Как конкретно проходила совместная работа Мариуса Петипа и Льва Иванова, достаточно хорошо известно, хотя у историков сохранились некоторые разногласия относительно авторства последнего акта, – мы этого коснемся. Так же хорошо известно, что Петипа следовал оригинальному либретто, с которым имел дело еще Чайковский. И насколько он, Петипа, в согласии уже не с балетмейстером Ивановым, а с дирижером Дриго, перестроил сюжет, перепланировал музыкальную драматургию и совершил в высшей степени смелое вторжение в конструкцию оригинала, придумав образ Одиллии, Черного лебедя, тоже получивший место в почетном ряду архетипов, и поставив для нее гениальное па-де-де, всем своим строем противостоящее несравненной хореографии лебединого акта. Об этом, повторяю, в той или иной степени подробно, в той или иной степени содержательно писали историки балета. Писал и я. Писал, в частности, о том, что Петипа прежде всего решил укрупнить жанр будущего спектакля, поставив его не в духе лирических сцен “Евгения Онегина”, а в масштабе “Пиковой дамы”. А может быть, и Шестой симфонии. Четыре акта вполне совпадали с эмоциональным и динамическим характером ее четырех частей. Мои же намерения другие: не повторяя уже написанного и сказанного, предложить отчасти по-новому прочитать образную семантику или символику “Лебединого озера”, распознав заключенный в нем скрытый смысл – латентный, как говорят в подобных случаях филологи-искусствоведы, “спящий” – по слову Жака Дерриды, самого радикального из них.Мариус Петипа

Надо заметить, что как раз в “Спящей красавице” никакого скрытого, “спящего” содержания нет. Почти уникальный случай полнейшего единства видимого хореографического текста и лишь слышимого музыкального подтекста, полной выявленности в хореографии и сценографии феерической фабулы и философской темы. Этот дивный балет полностью закрыт для дальнейших интерпретаций, тогда как “Лебединое озеро” почти полностью открыто, чем нередко, а порой и безосновательно, пользовались и талантливые, и совсем бесталанные балетмейстеры-режиссеры. Самый красноречивый пример удачной и неожиданной мысли – трактовка па-де-де Одиллии в некоторых современных спектаклях. Всем знакома эта сцена обольщения, самая смелая, самая эротичная из всех когда-либо появлявшихся на императорской сцене.

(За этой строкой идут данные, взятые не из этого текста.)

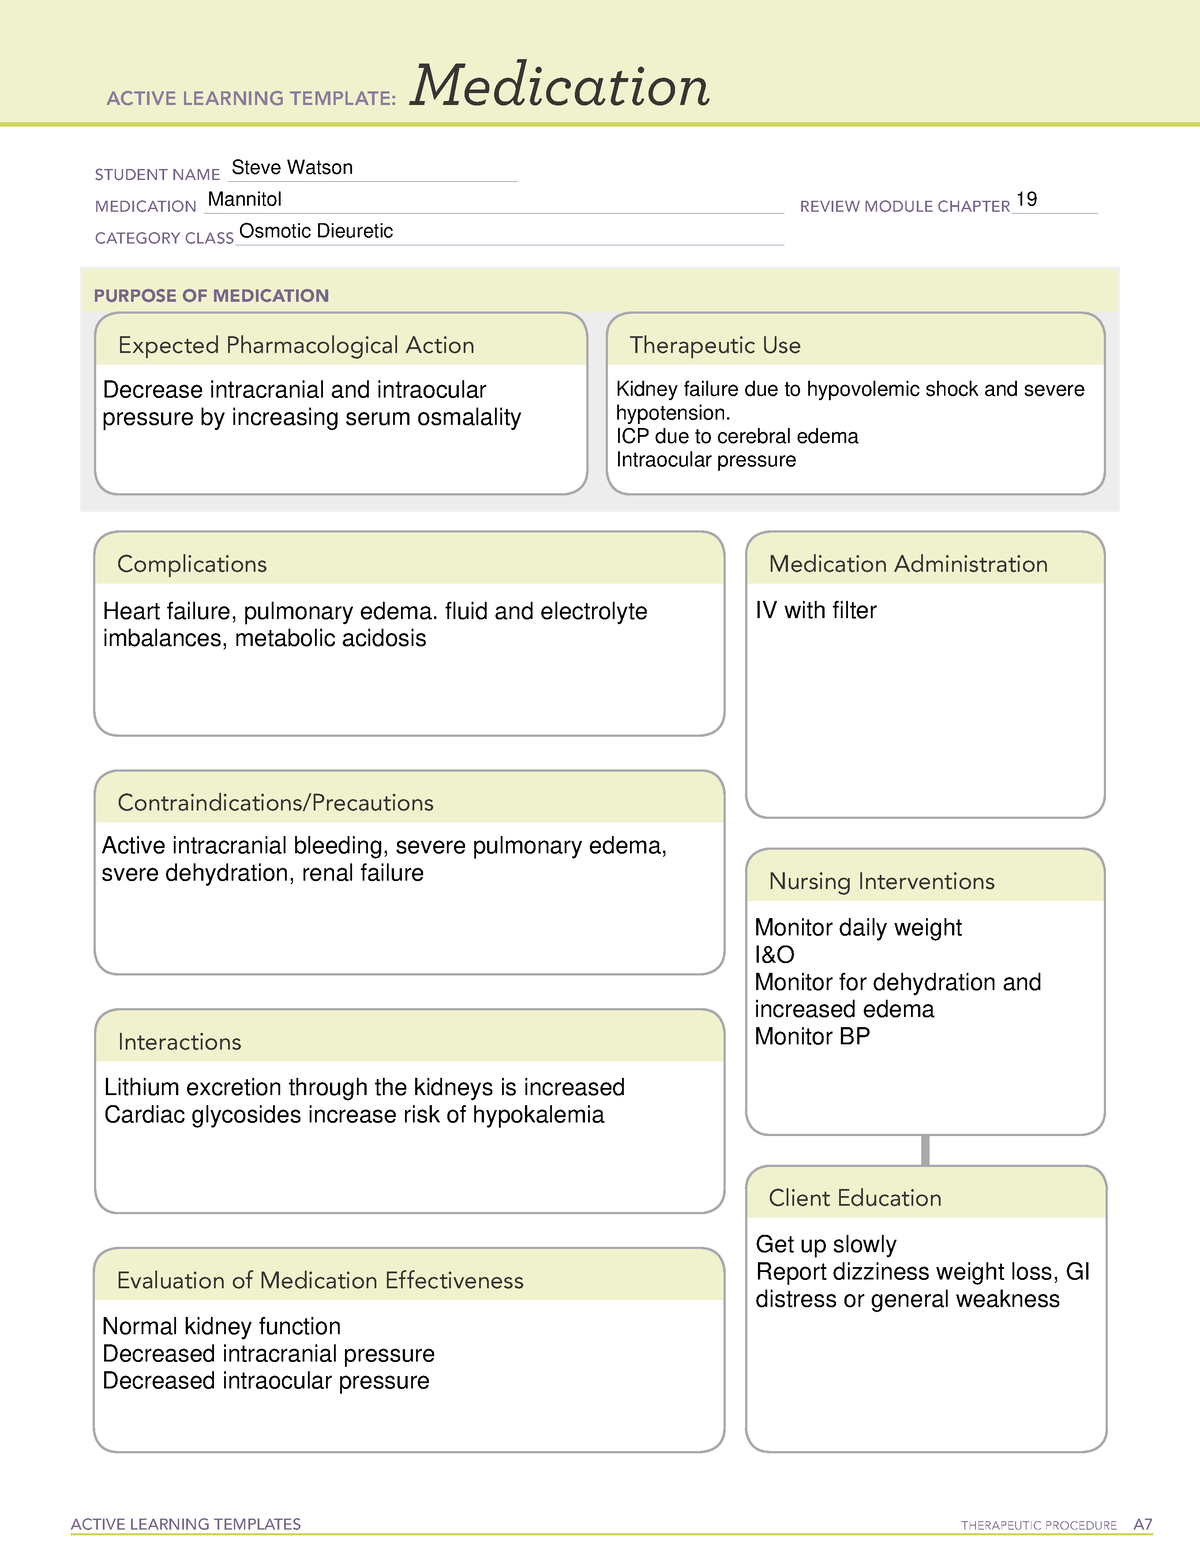 mannitol-ati-template-active-learning-templates-therapeutic-procedure-a-medication-student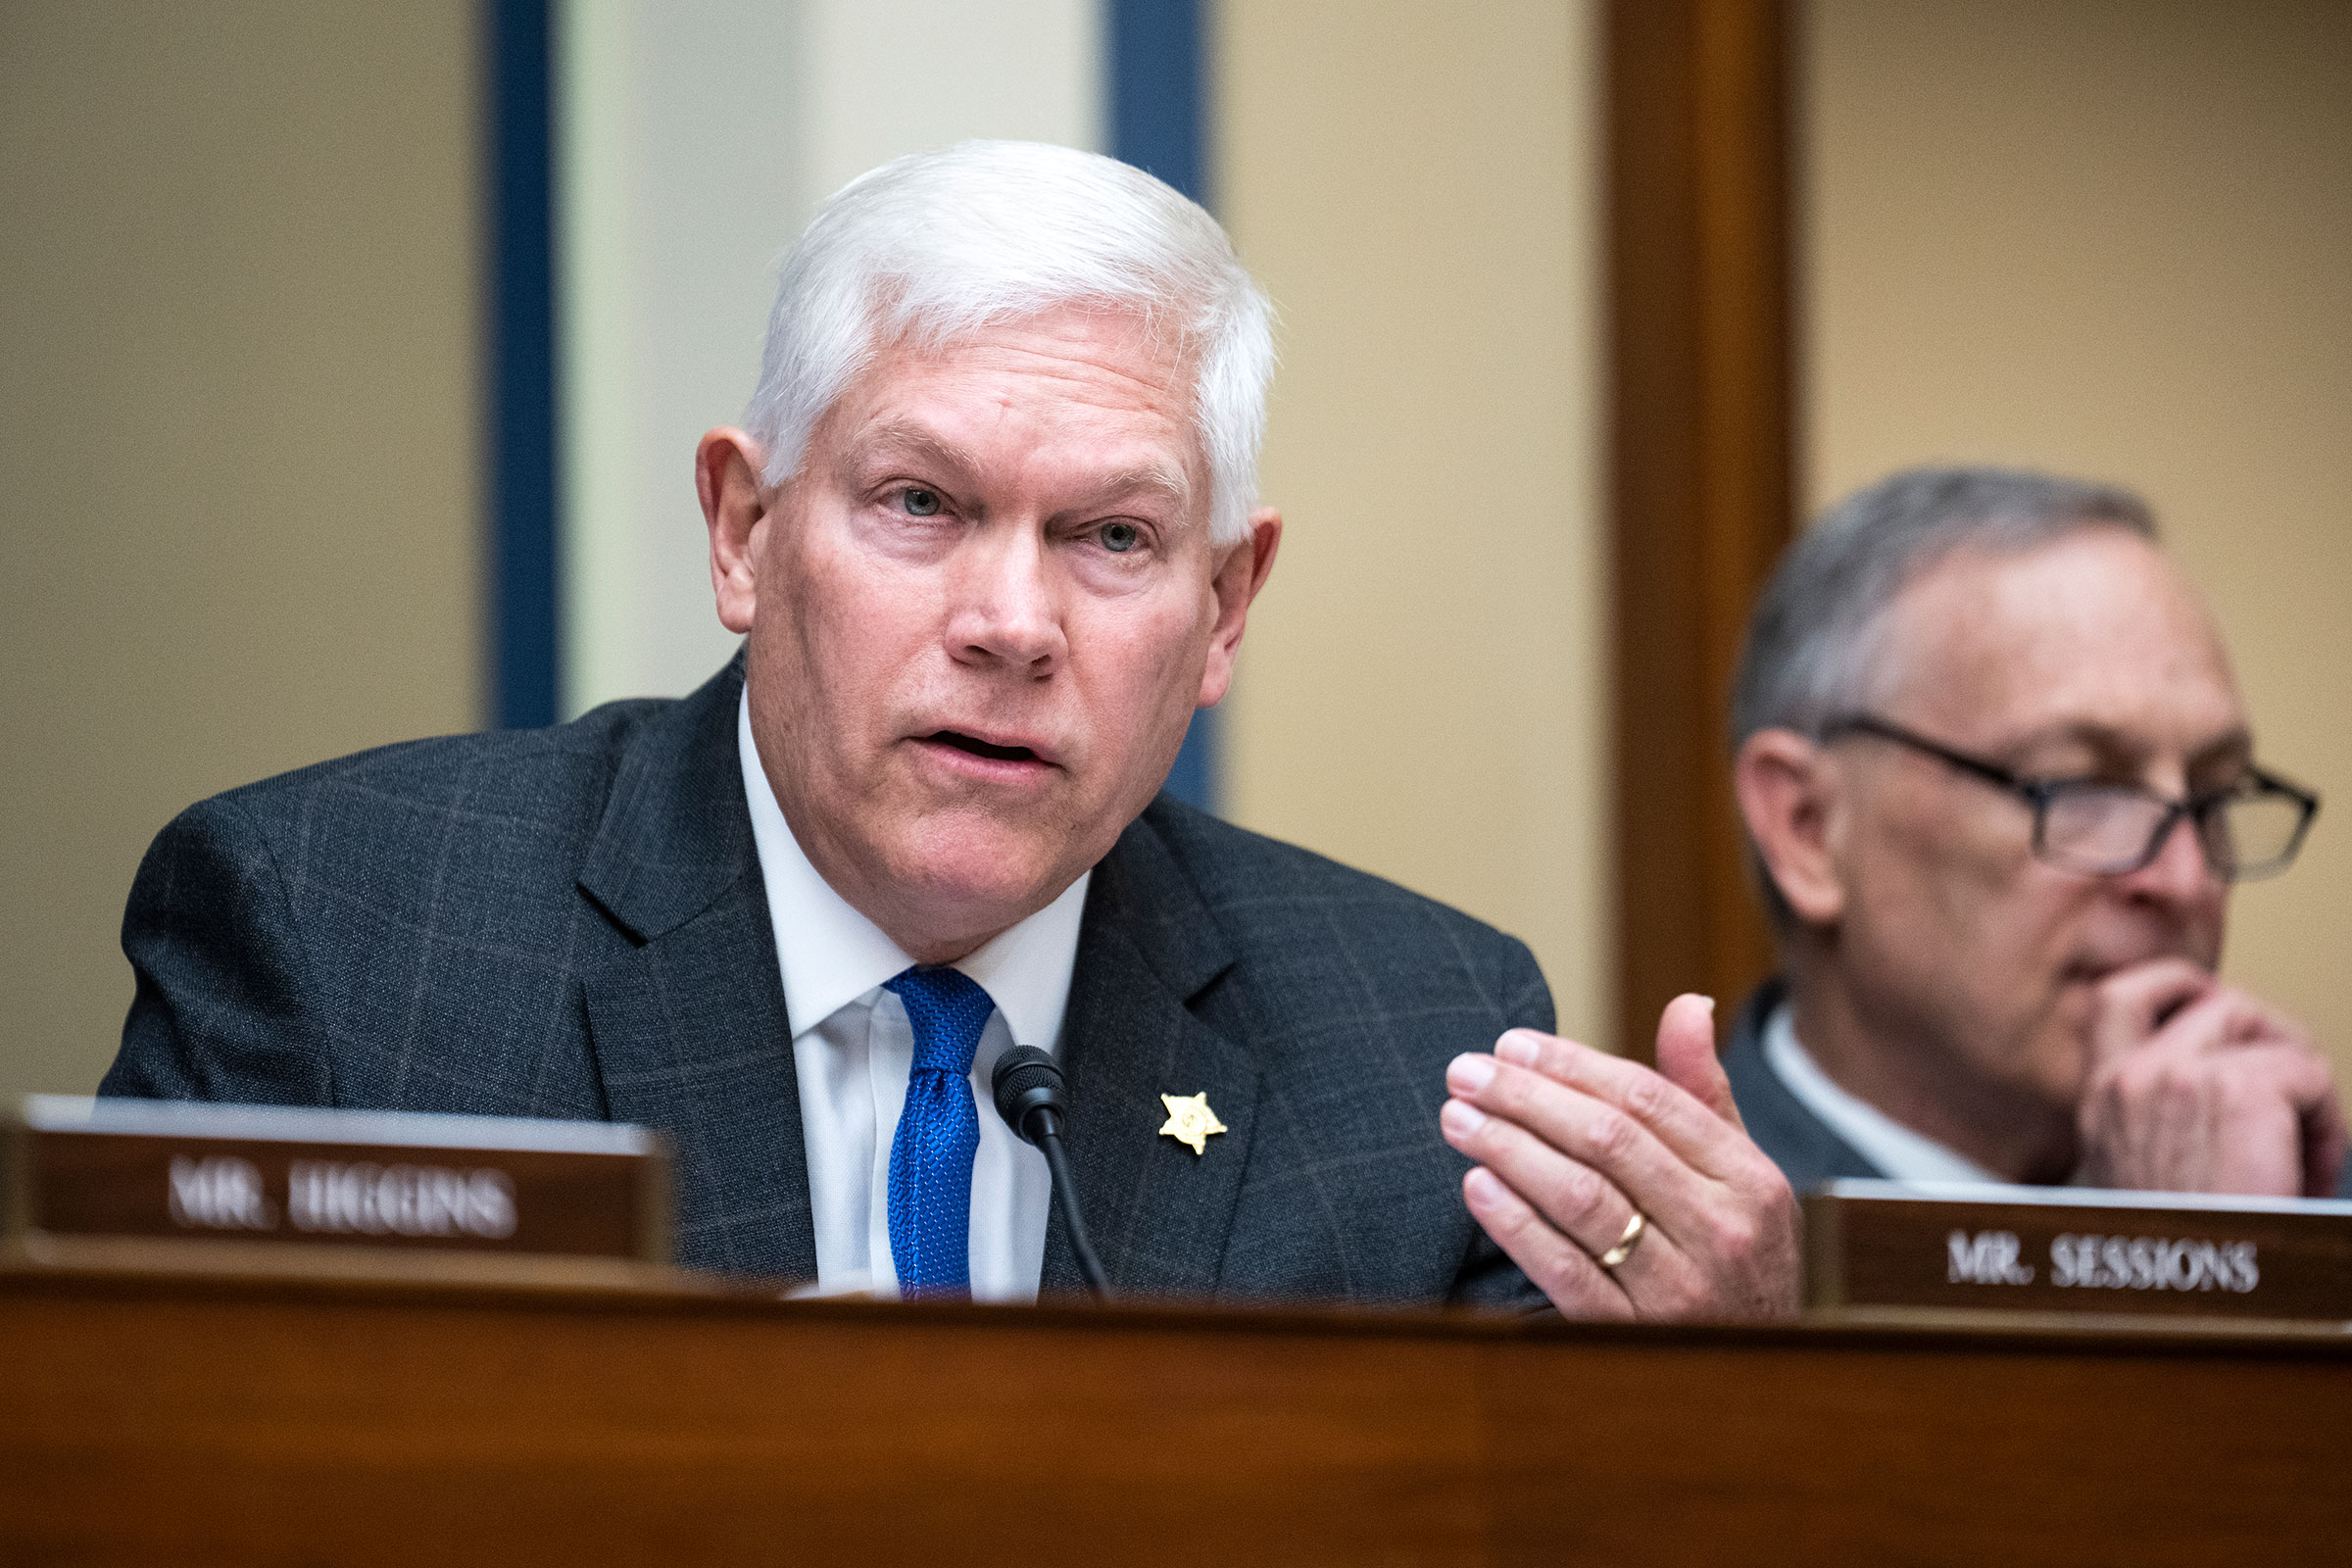 Rep. Pete Sessions during the House Oversight and Accountability Committee hearing on Thursday, March 9.

Характер танцев Одиллии – дьявольская, инфернальная дансантность – прямо-таки вынуждает внести в сцену более острый смысл, прямо-таки предсказывает более жесткую трактовку. А именно пакт с дьяволом – чисто литературную идею Гете, вполне реальную ситуацию для Томаса Манна и более чем реальную ситуацию для многих действующих писателей, музыкантов, актеров и даже служителей Терпсихоры.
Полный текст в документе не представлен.